To destroy the sides of surface ships, the Germans designed the so-called 800-kg planing bombs with a small jet engine SB-800RS. These bombs had a spherical warhead with a diameter of 750 mm and an annular stabilizer. The total length of the bomb is 1910 mm. The bombs were dropped at a low altitude, about 20 m, from a distance of 4.0-4.5 km from the target. After dropping, the solid-fuel engine was fired, and the bomb flew horizontally, and then touched the water at a low angle. The tail section and the stabilizer fell off, and the warhead made several ricochets and hit the side of the enemy ship. On tests, the lateral deviation from the target was up to 55 m with a drop range of 4.5 km. However, the accuracy of the planing bomb was very dependent on the state of the sea and the strength of the wind, so in 1944 work on it was discontinued.
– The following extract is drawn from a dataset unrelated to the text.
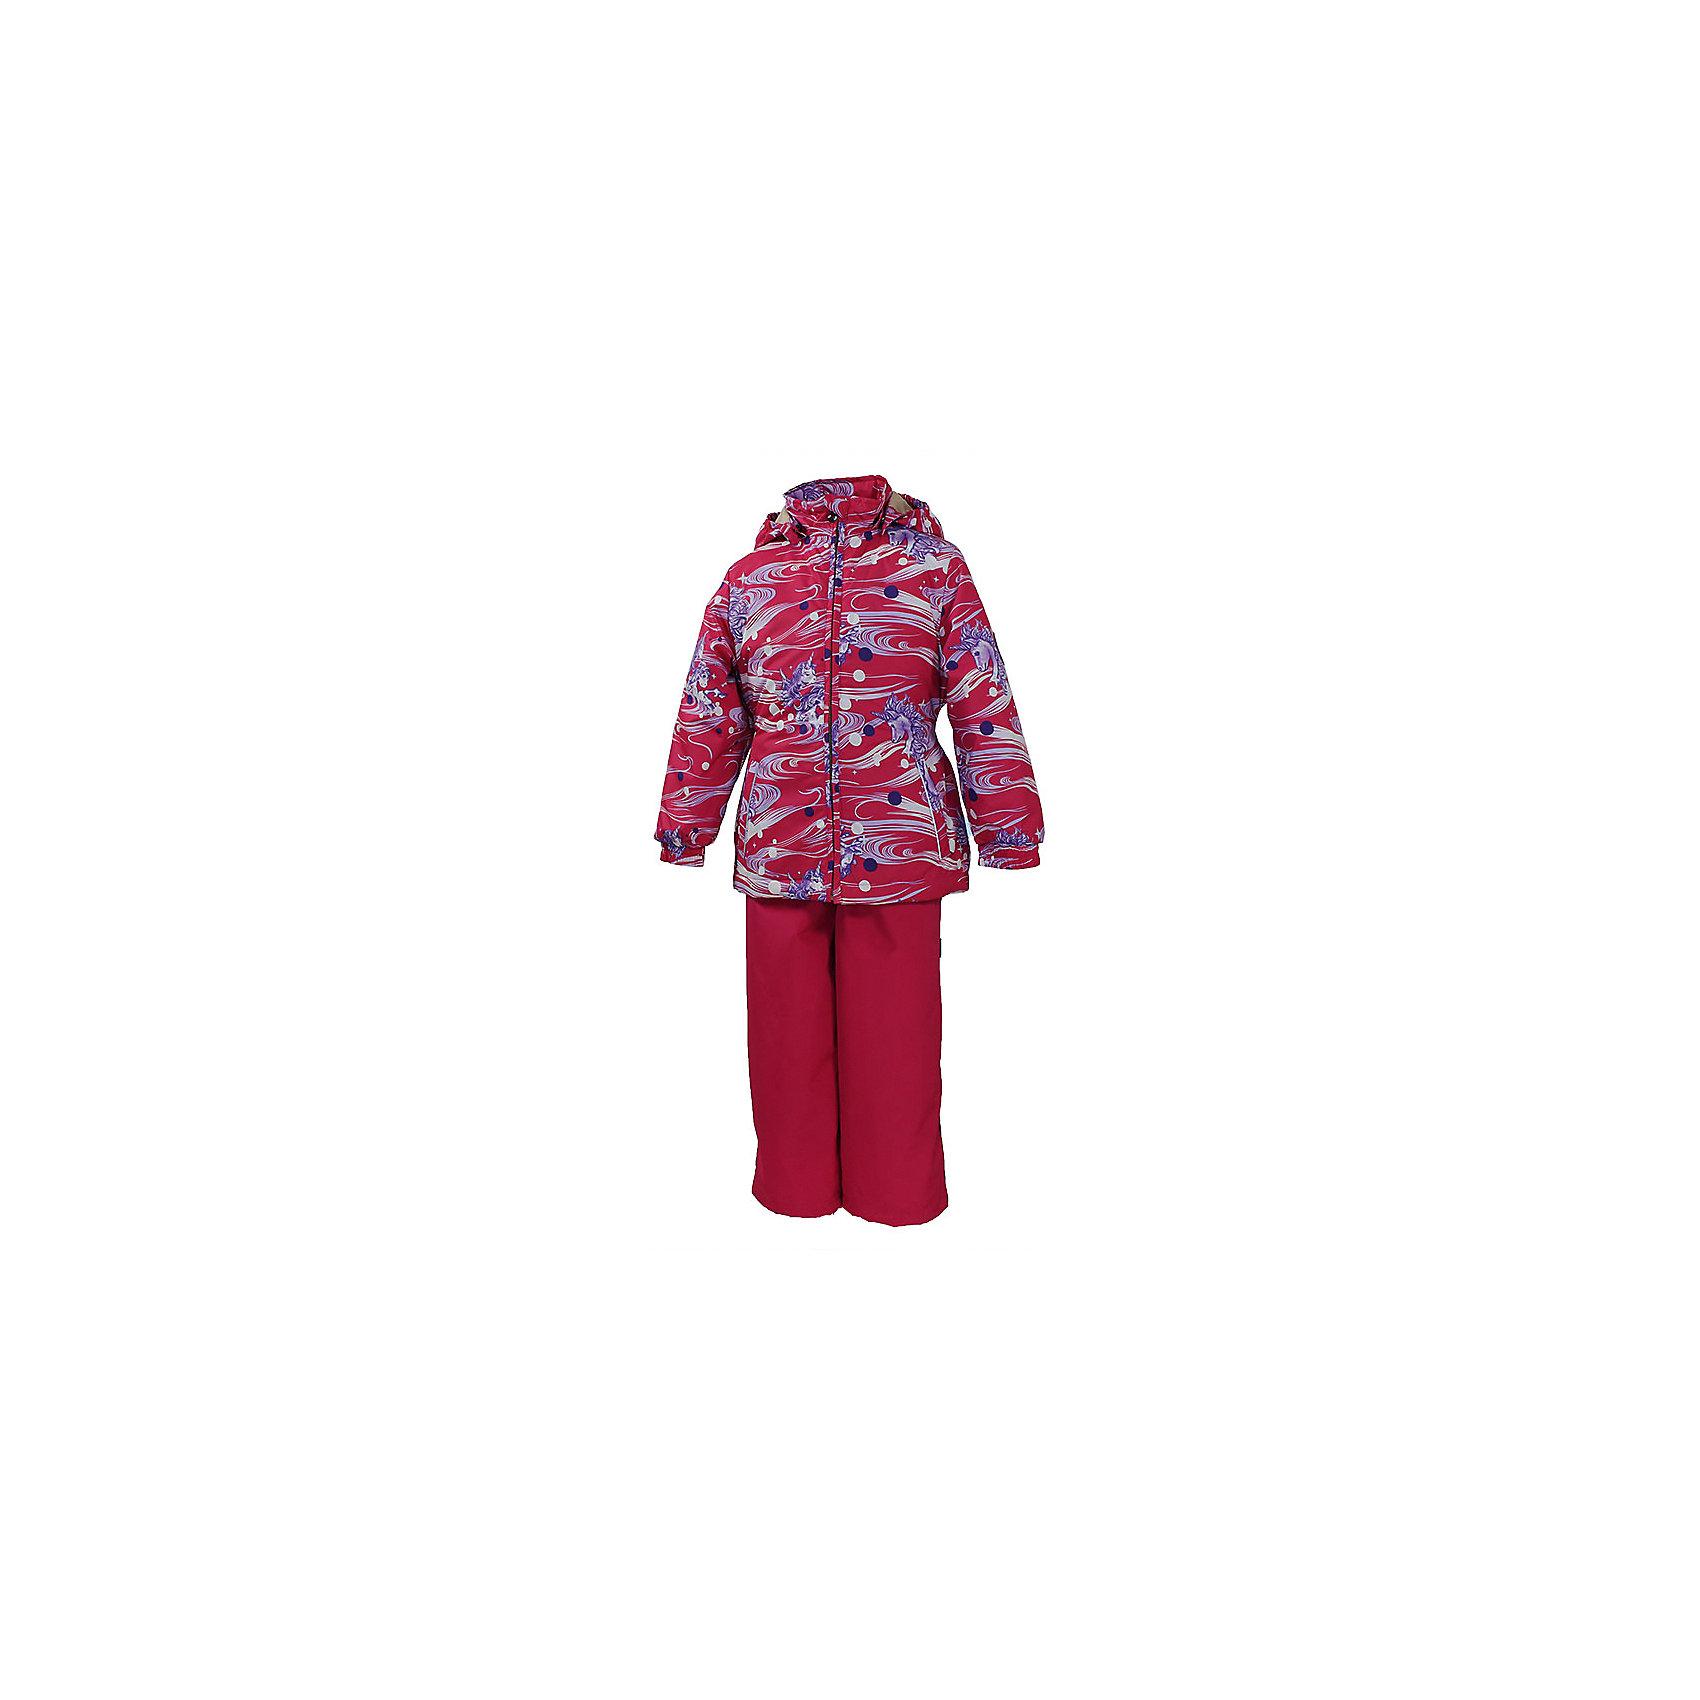 Комплект: куртка и полукомбинезон для девочки YONNE HuppaХарактеристики товара:<br><br>• цвет: фуксия принт/фуксия<br>• комплектация: куртка и полукомбинезон <br>• ткань: 100% полиэстер<br>• подкладка: тафта - 100% полиэстер<br>• утеплитель: куртка и полукомбинезон - 100% полиэстер 100 г.<br>• температурный режим: от -5°С до +10°С<br>• водонепроницаемость: верх - 5000 мм, низ - 10000 мм<br>• воздухопроницаемость: верх - 5000 мм, низ - 10000 мм<br>• светоотражающие детали<br>• шов сидения проклеен<br>• съёмный капюшон с резинкой<br>• защита подбородка от молнии<br>• эластичные манжеты на рукавах<br>• регулируемый низ брючин<br>• эластичный шнур с фиксатором внизу брючин<br>• без внутренних швов<br>• резиновые подтяжки<br>• коллекция: весна-лето 2017<br>• страна бренда: Эстония<br><br>Такой модный демисезонный комплект  обеспечит детям тепло и комфорт. Он сделан из материала, отталкивающего воду, и дополнен подкладкой с утеплителем, поэтому изделие идеально подходит для межсезонья. Материал изделий - с мембранной технологией: защищая от влаги и ветра, он легко выводит лишнюю влагу наружу. Комплект очень симпатично смотрится. <br><br>Одежда и обувь от популярного эстонского бренда Huppa - отличный вариант одеть ребенка можно и комфортно. Вещи, выпускаемые компанией, качественные, продуманные и очень удобные. Для производства изделий используются только безопасные для детей материалы. Продукция от Huppa порадует и детей, и их родителей!<br><br>Комплект: куртка и полукомбинезон YONNE от бренда Huppa (Хуппа) можно купить в нашем интернет-магазине.<br><br>Ширина мм: 356<br>Глубина мм: 10<br>Высота мм: 245<br>Вес г: 519<br>Цвет: фиолетовый<br>Возраст от месяцев: 72<br>Возраст до месяцев: 84<br>Пол: Женский<br>Возраст: Детский<br>Размер: 122,86,92,98,104,110,116<br>SKU: 5346617

Conventional armor-piercing bombs weighing from 500 to 1800 kg were put into service in 1940. Their combat use showed that when bombing from low altitudes (700-1500 m), the speed of falling bombs did not ensure penetration of all armored decks of battleships or heavy cruisers ... Increasing the bombing altitude to 5-7 km sharply reduced the likelihood of hitting the ship.
In 1942, the Luftwaffe adopted 3 jet armor-piercing bombs: PC500RS "Paulina", PC1000RS "Paul" and PC1800RS "Panther" weighing 500, 100 and 1800 kg, respectively. A small solid-propellant engine installed in the tail of the bombs gave them an additional vertical speed of about 160 m / s, thereby significantly increasing their armor penetration.
1 - BT 200 torpedo bomb; 2 - PC 1000; 3 - SB 800R-5 250; 4 - X-1.
Here are the data of several German conventional bombs. The smallest incendiary bombs weighed only 1 kg. They are 350 mm long and 50 mm in diameter. There were the same small fragmentation bombs, and some of them were made from 50-mm mortar mines.